For setting up the ClickHouse cluster, we followed the ClickHouse replication architecture guide and the AWS CloudFormation ClickHouse cluster setup. Using these resources, we replicated the setup on ECS, allowing us to run performance benchmarking tests on the environment.

For this benchmarking, we deployed ClickHouse version 24.3.12.75 for both clickhouse-server and clickhouse-keeper. Our ECS cluster configuration included a fault-tolerant setup with 1 shard and 2 replicas, composed of 2 ClickHouse server nodes and 3 ClickHouse Keeper nodes.
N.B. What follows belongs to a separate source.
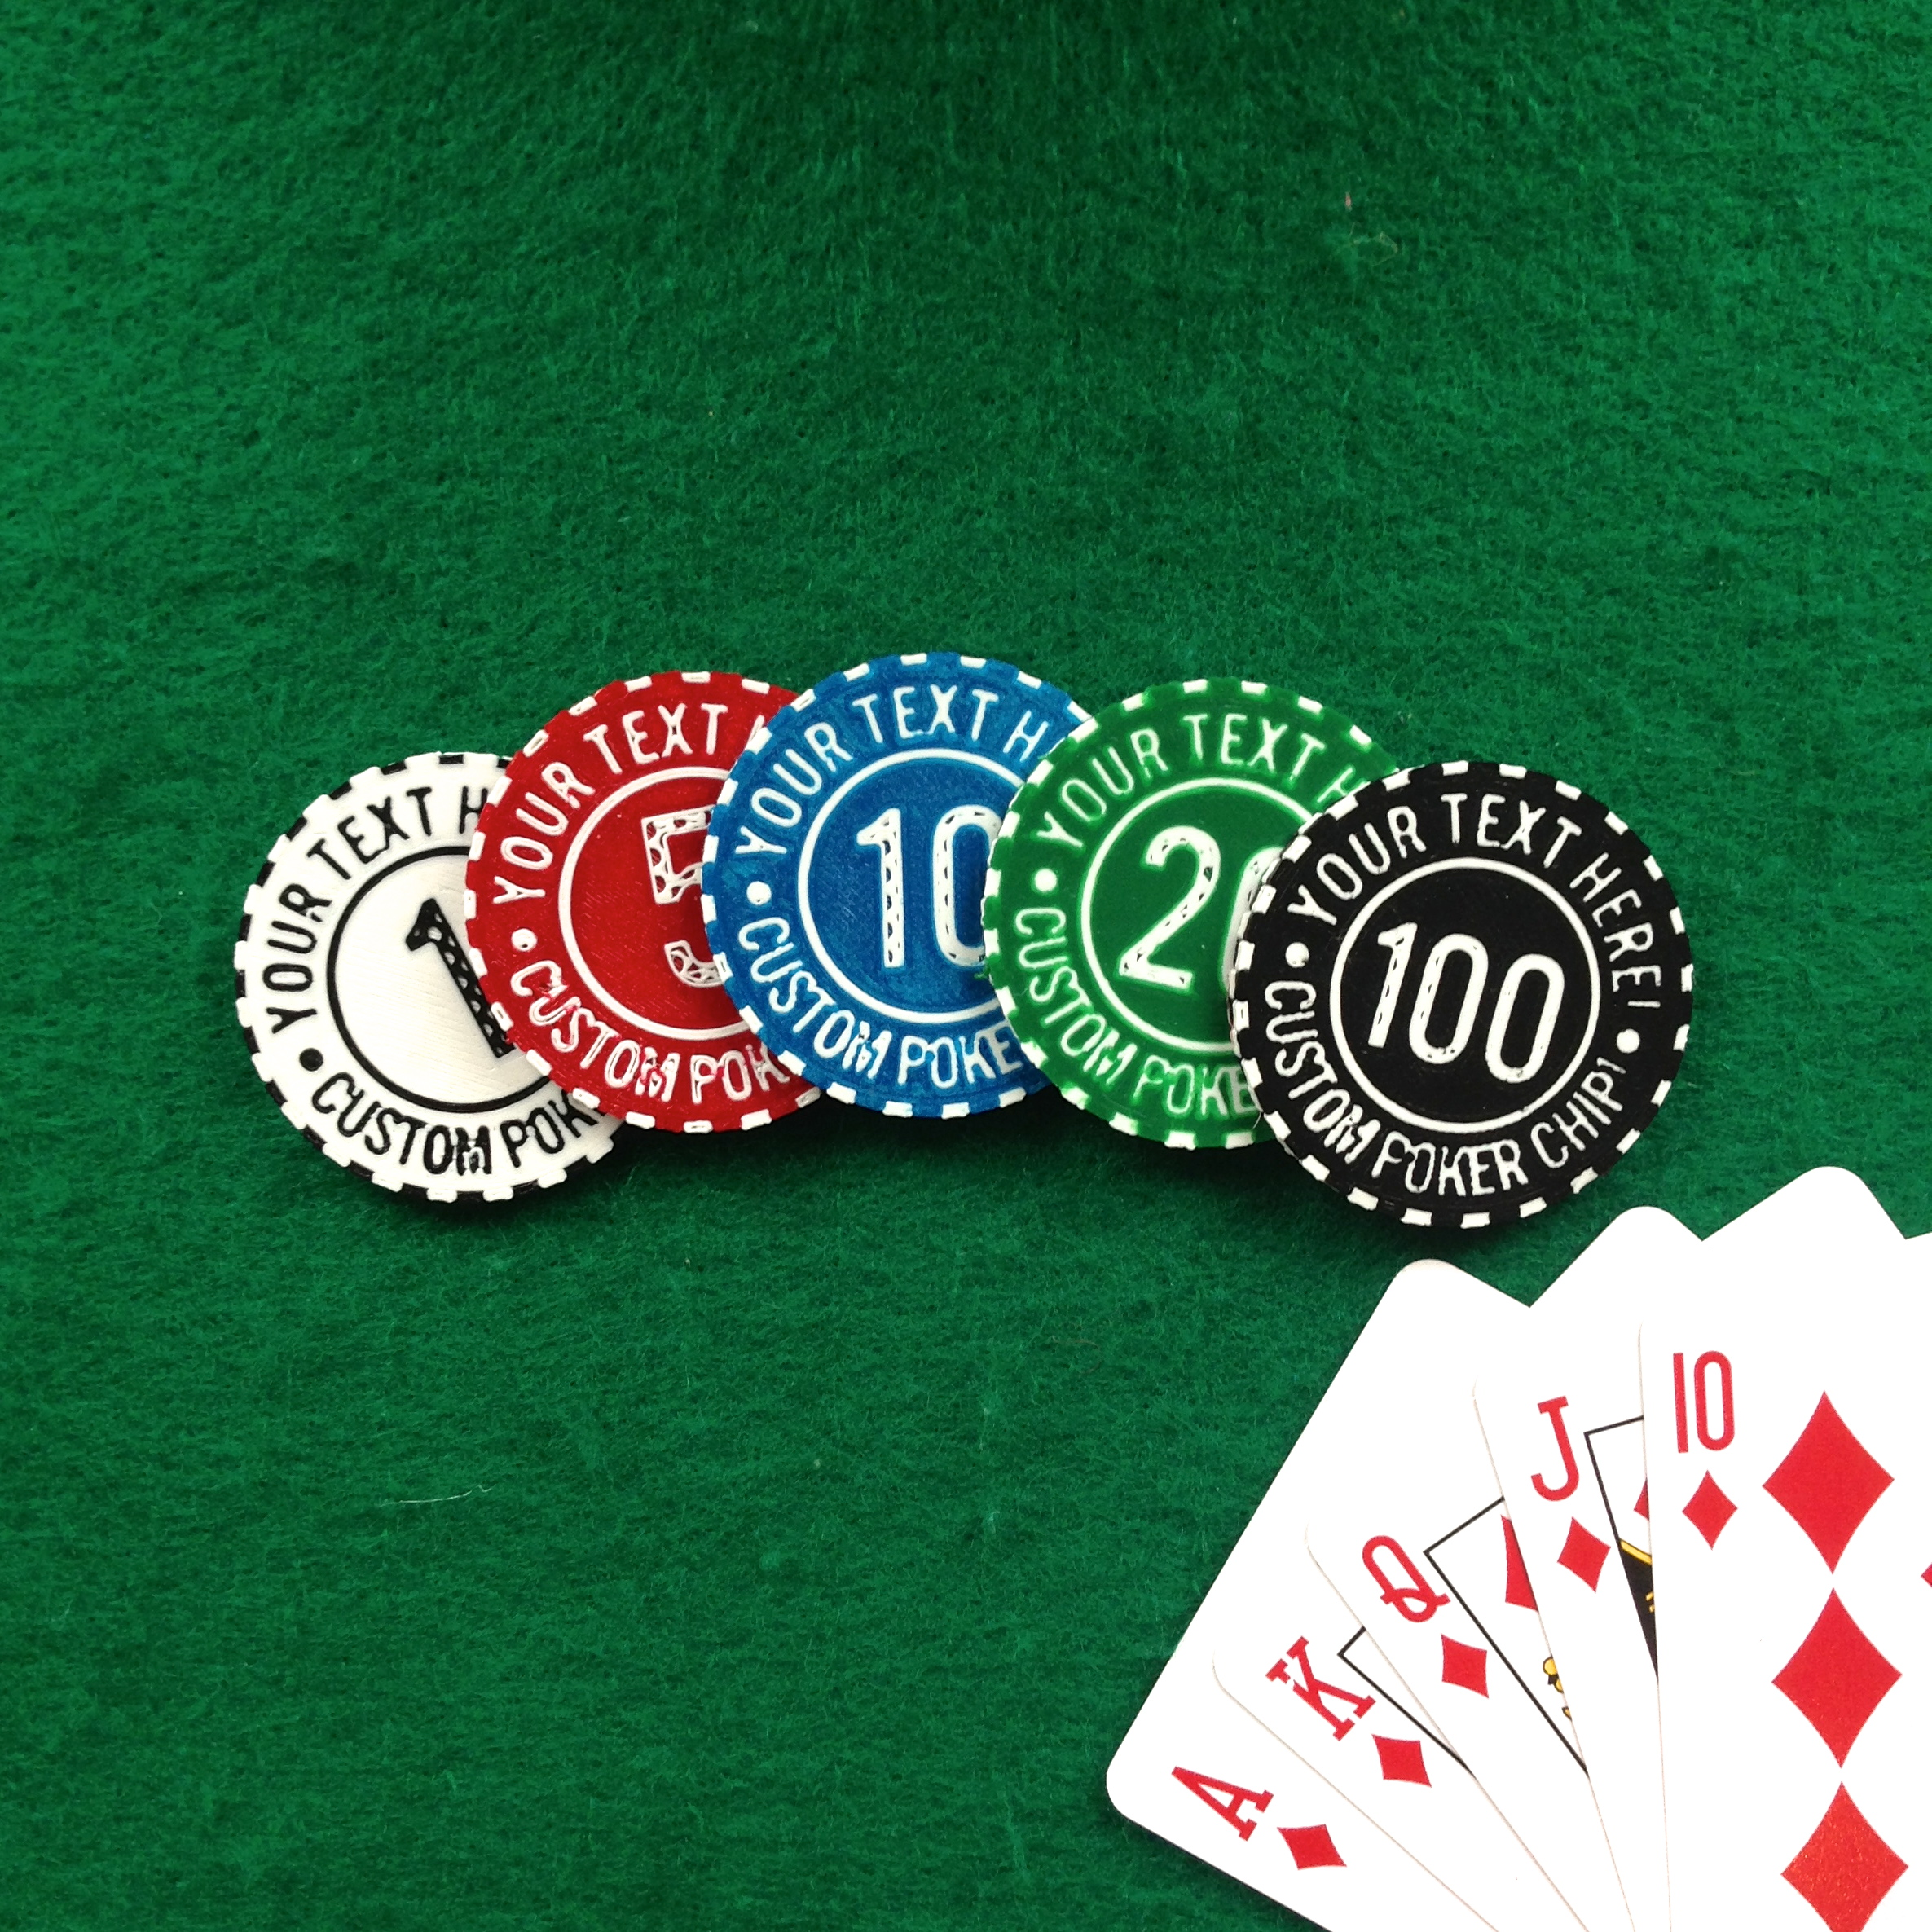 Coolest Poker Chips

Each node was provisioned on m5.xlarge instances, ensuring the necessary resources to handle our high-ingestion and query-intensive workloads.

By examining performance metrics during the ingestion of 1 million, 5 million, 10 million, and 66 million logs, we aim to provide a quantitative analysis of how system behavior changes as the load increases.
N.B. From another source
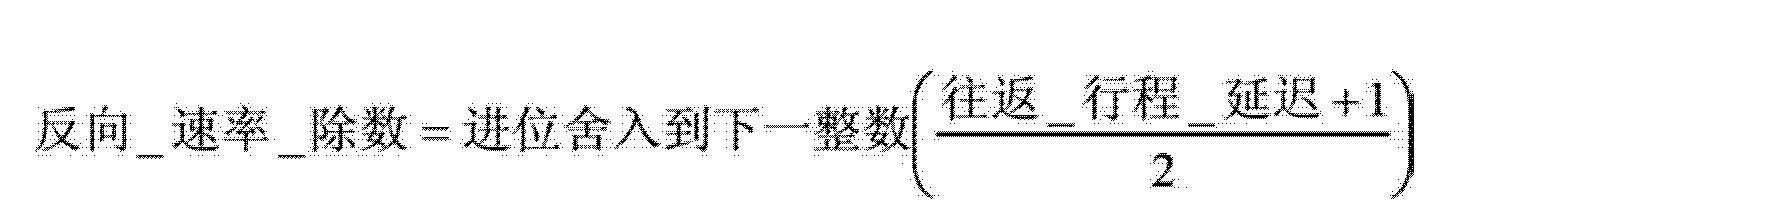 Figure CN102801595AD00811

clickhouse-cluster-ingestion

For more details on the schema and test queries used, you can download the SQL file here.

Performance Comparison of Key Metrics Across Ingestion Volumes

`Logs Ingested`	`CPU Usage (Cores)`	`Selected Bytes per Second (MB/s)`	`IO Wait (s)`	`CPU Wait (s)`	`Read from Disk (MB)`	`Read from Filesystem (MB)`	`Memory Tracked (MB)`	`Selected Rows per Second`	`Inserted Rows per Second`
`1 Million (10 Lakh)`	0.103	0.026	0.000	0.0217	0.000	0.42	714	256.88	238,666.67
`5 Million (50 Lakh)`	0.111	0.036	0.000	0.0058	0.000	0.51	738	256.88	238,666.67
`10 Million (1 Crore)`	0.433	36.26	0.000	0.3297	1.84	3.17	983	146,848.98	140,193.58
`66 Million (6.6 Crore)`	1.179	122	0.750	4.4276	17.33	13.63	1,971	365,589.00	365,589.00

Key Insights from the Data

1. `CPU Usage (avg_cpu_usage_cores)`

clickhouse-cluster-ingestion

At 1 million logs, CPU usage was low, increasing slightly with 5 million logs, reflecting an 8% rise.
At 10 million logs, CPU usage jumped by 290%, showing significant processing demand.
At 66 million logs, CPU surged by 173% over the previous level, indicating much higher CPU load as ingestion scaled.
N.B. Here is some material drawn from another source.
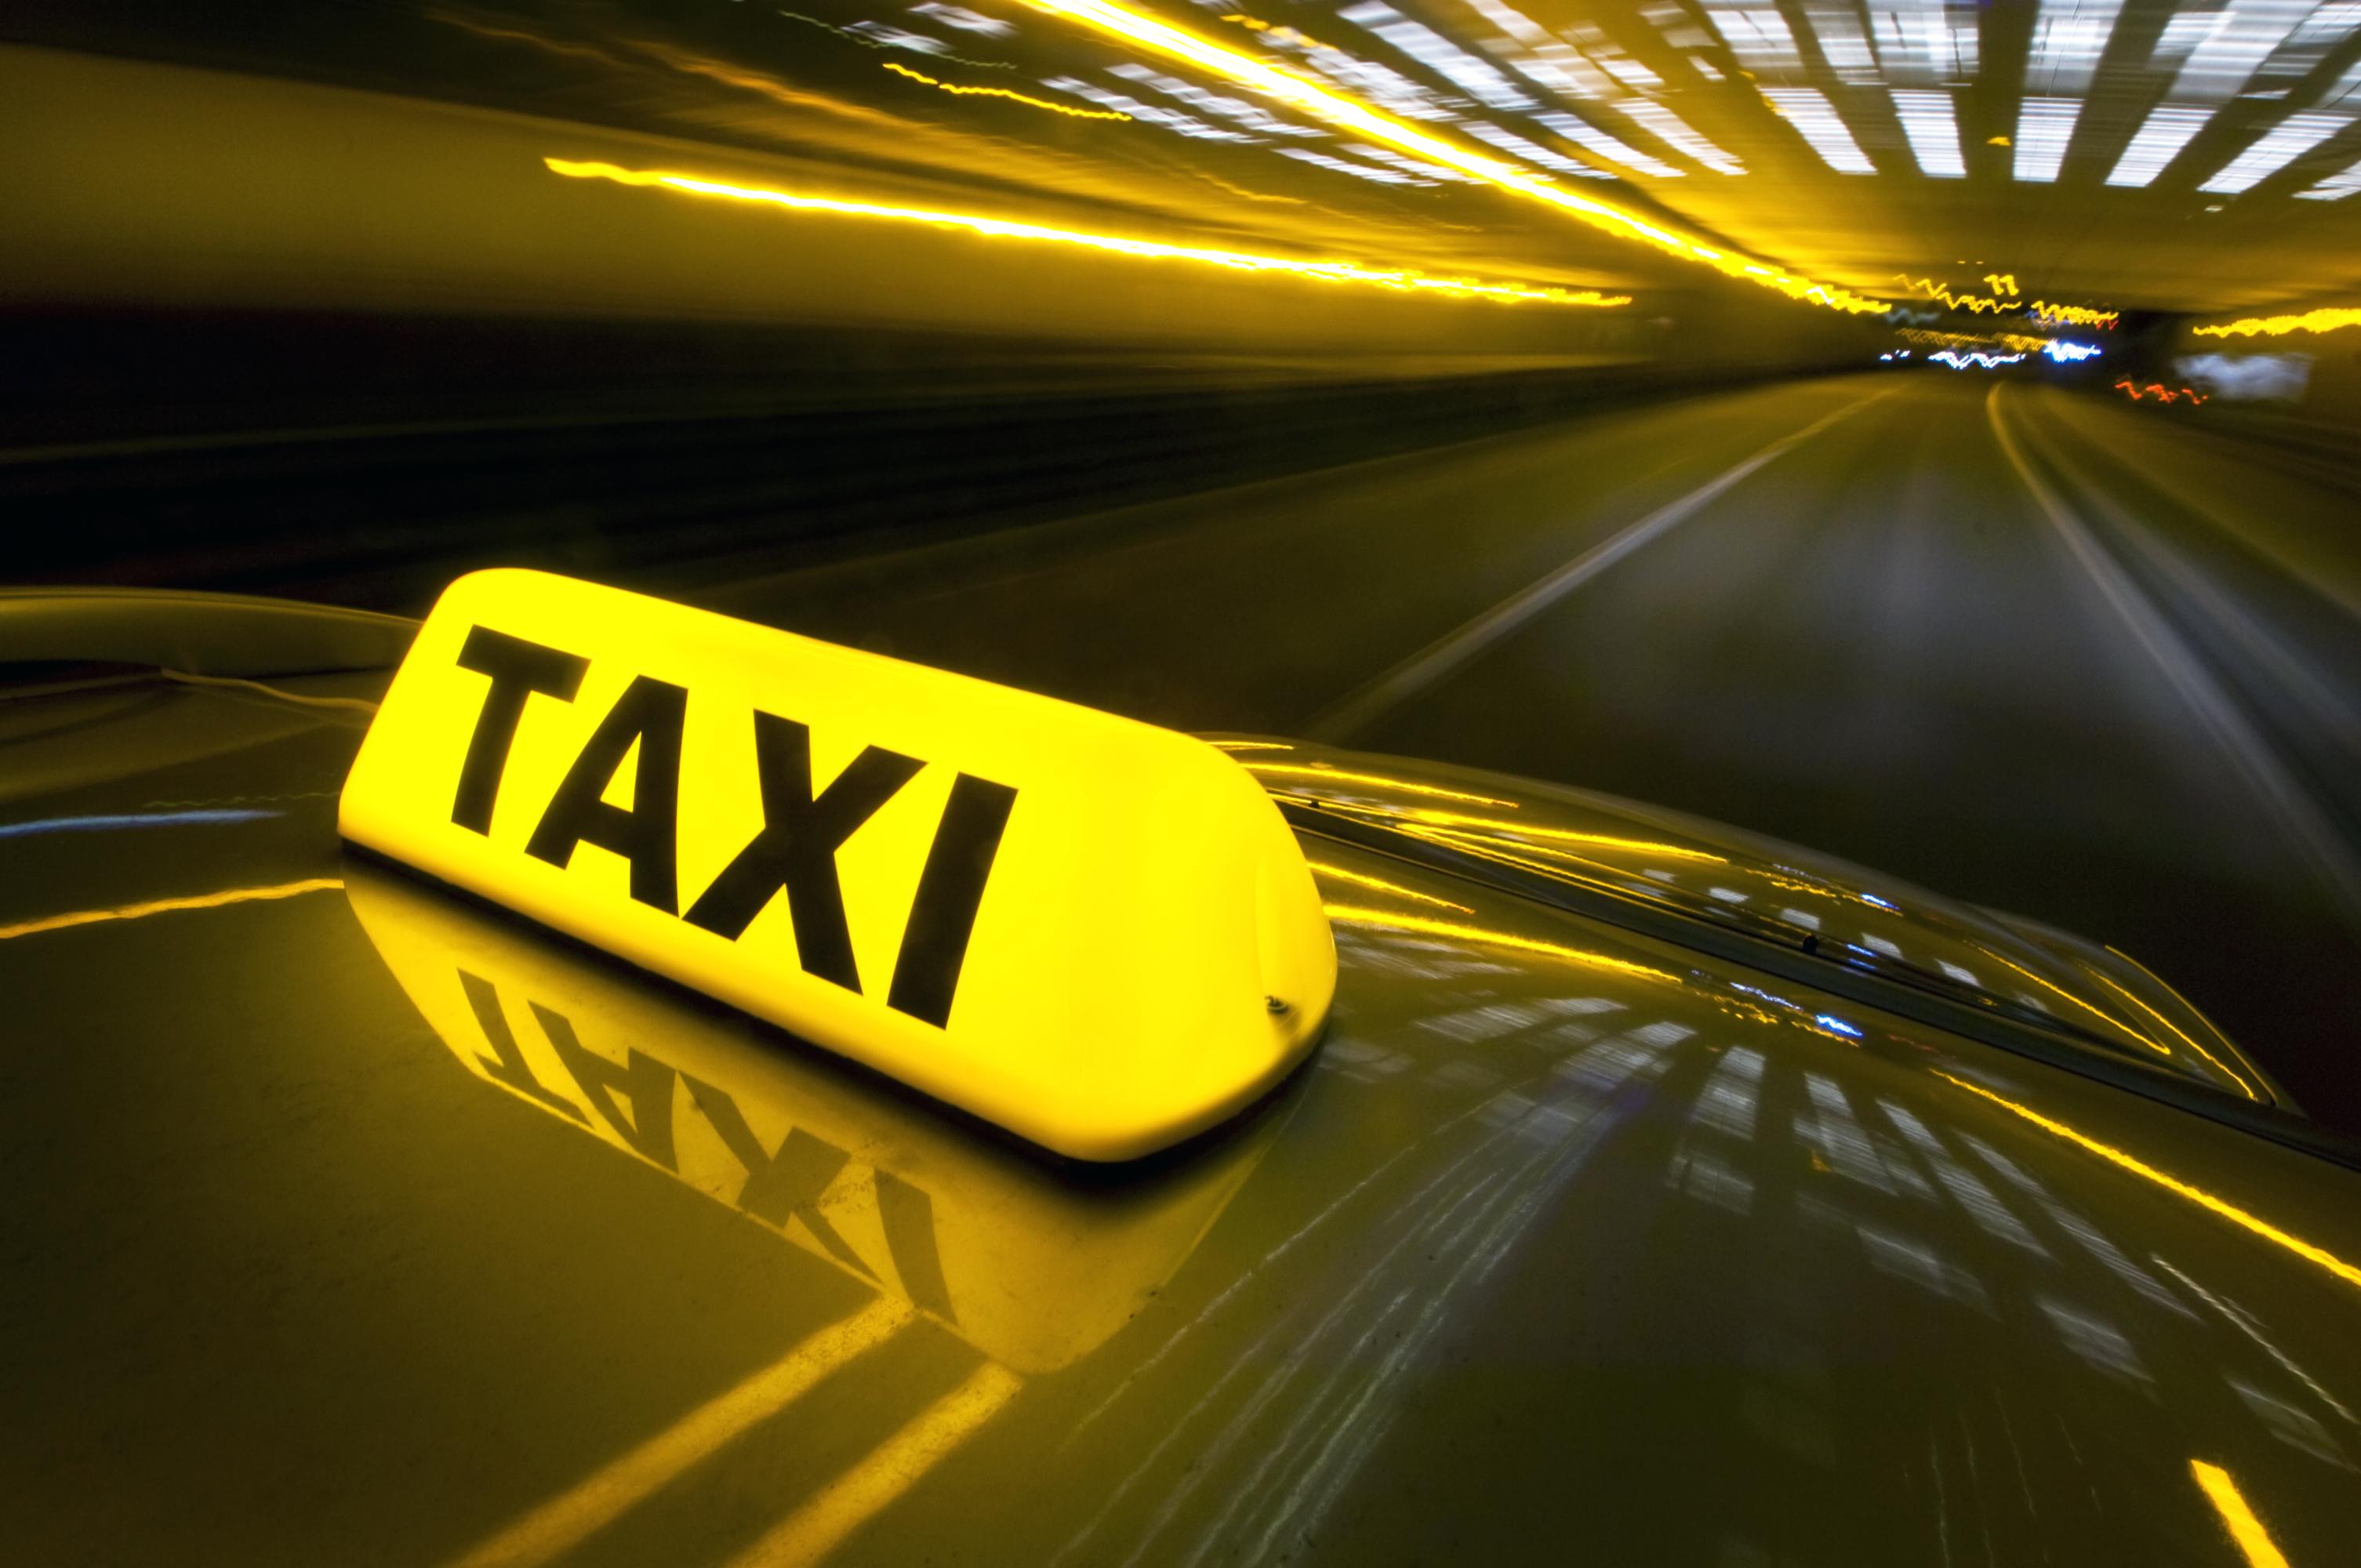 Taxi near me

2. `Selected Bytes per Second (avg_selected_bytes_per_second)`

clickhouse-cluster-ingestion

For 1 million logs, throughput was 0.026 MB/sec, increasing to 0.036 MB/sec for 5 million logs, a 38% increase.
At 10 million logs, throughput reached 36.26 MB/sec, up 1000% from 5 million logs.
At 66 million logs, throughput hit 122 MB/sec, a 3.4x increase, demonstrating strong scalability.

3. `I/O Wait (avg_io_wait)`

clickhouse-cluster-ingestion

I/O wait was negligible at 1 and 5 million logs with 0 seconds.
For 66 million logs, I/O wait spiked to 0.75 seconds, a notable bottleneck as ingestion volume increased.

4. `CPU Wait (avg_cpu_wait)`

clickhouse-cluster-ingestion

CPU wait time was 0.0217 seconds for 1 million logs, decreasing to 0.0058 seconds for 5 million logs, a 73% improvement.
At 10 million logs, it rose to 0.3297 seconds, a 56x increase.
At 66 million logs, CPU wait reached 4.4276 seconds, reflecting high contention for CPU.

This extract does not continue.